Ненужная крепость (СИ)
— Боремся…
— Отлично! Но после пробежки! Надо же размяться…
Глава 4
Хори уже приближался к обряду обрезания, и детского локона на голове, и кое-чего другого, после чего мальчик становится мужчиной и вступает во взрослую жизнь. После смутных времен гиксосов далеко не все дети носили детскую прядь и далеко не все мальчики проходили через обряд Себи, это было обязательно только для тех, кто должен был стать жрецом. Но мать считала, что без Себи немыслимо считать себя уважаемым человеком, и уж тем более жениться. Жена для Хори уже была присмотрена, только он пока не знал, кто это. Пока до женитьбы еще было время — год, два, может — три, и его это устраивало, хотя… Иногда чертовски хотелось иметь жену.
Сначала нужно было пройти ежегодный смотр и сдать экзамен на чиновника. Мать узнала об их занятиях с Иаму, узнала совершенно случайно, и закатила страшный скандал. Нет, она понимала важность упражнений с оружием. Но благородных, пристойных для семера! Сам Благой бог не чурается высокого искусства стрельбы из лука, но — драгоценного лука марьяну, для стрельбы с колесницы длинными и тяжелыми стрелами! Да, благородно фехтование длинным мечом. Но праща? Пусть даже метательная палица — в конце концов, царь на охоте тоже ей пользуется. Но праща? Или топор простого пехотинца? Это же просто ужас! И этот дешевый солдатский мордобой и борьба!
Оказалось, что отец был осведомлён о происходящем с самого начала — видно, нубиец с ним всё обсудил сразу, как только сломались лопата и детская жизнь Хори.

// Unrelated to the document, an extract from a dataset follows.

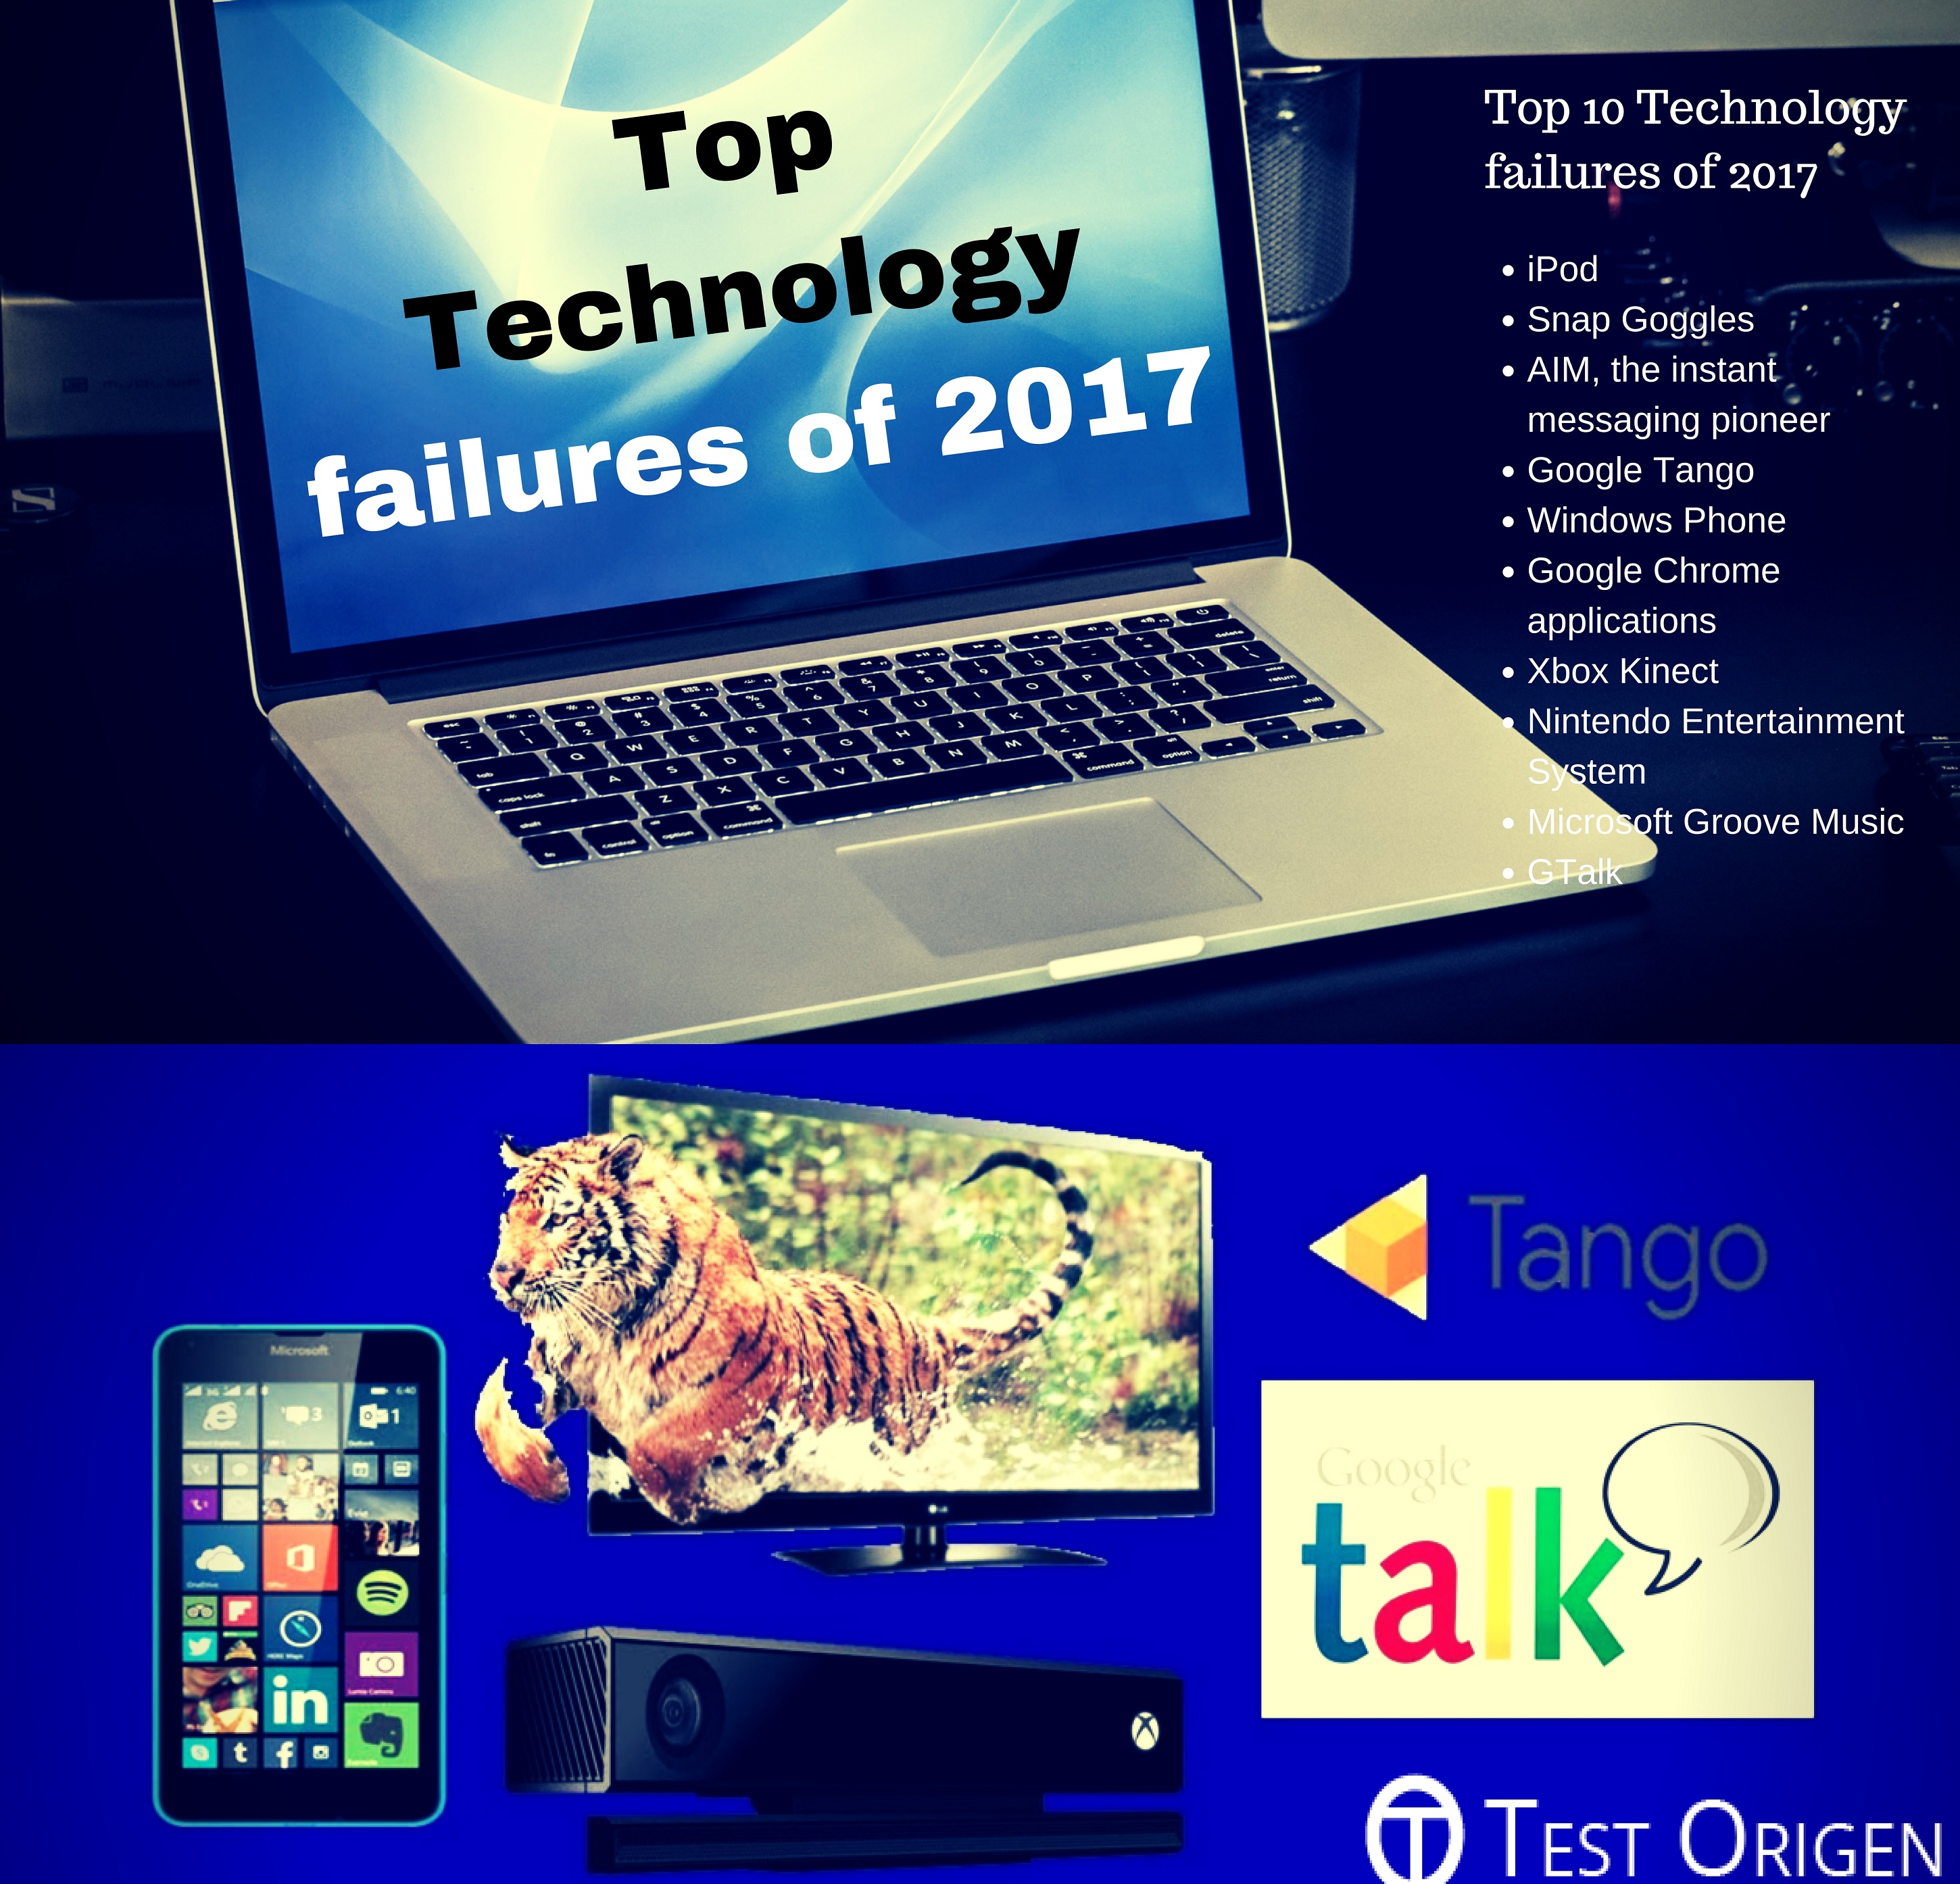 Top Technology failures of 2017

Деди вдруг проявил неожиданную твёрдость, что было даже удивительно, ибо обычно он всегда уступал матери во всех домашних делах. Но тут он был непреклонен, как великая пирамида. Ни доводы Мерит-Хатор о том, что мальчик может не получить первую чиновничью должность на ежегодном смотре, ни плач о горькой судьбе военного, ни обличения Хори в лени ничего не могли поделать, и родители впервые на памяти Хори всерьёз поссорились. Мать даже не пускала Деди в спальню, что было неслыханно и немыслимо, и чем сразу попытались воспользоваться некоторые глупые ткачихи (но не преуспели). Зато Иаму преуспел среди глупых ткачих. Себек-Эре, уже готовившийся идти в школу, всецело стал на сторону матери и сердился на отца, а сестра, Нефер-Маат, защищала отца и стала не такой доставучей и вредной с Хормени.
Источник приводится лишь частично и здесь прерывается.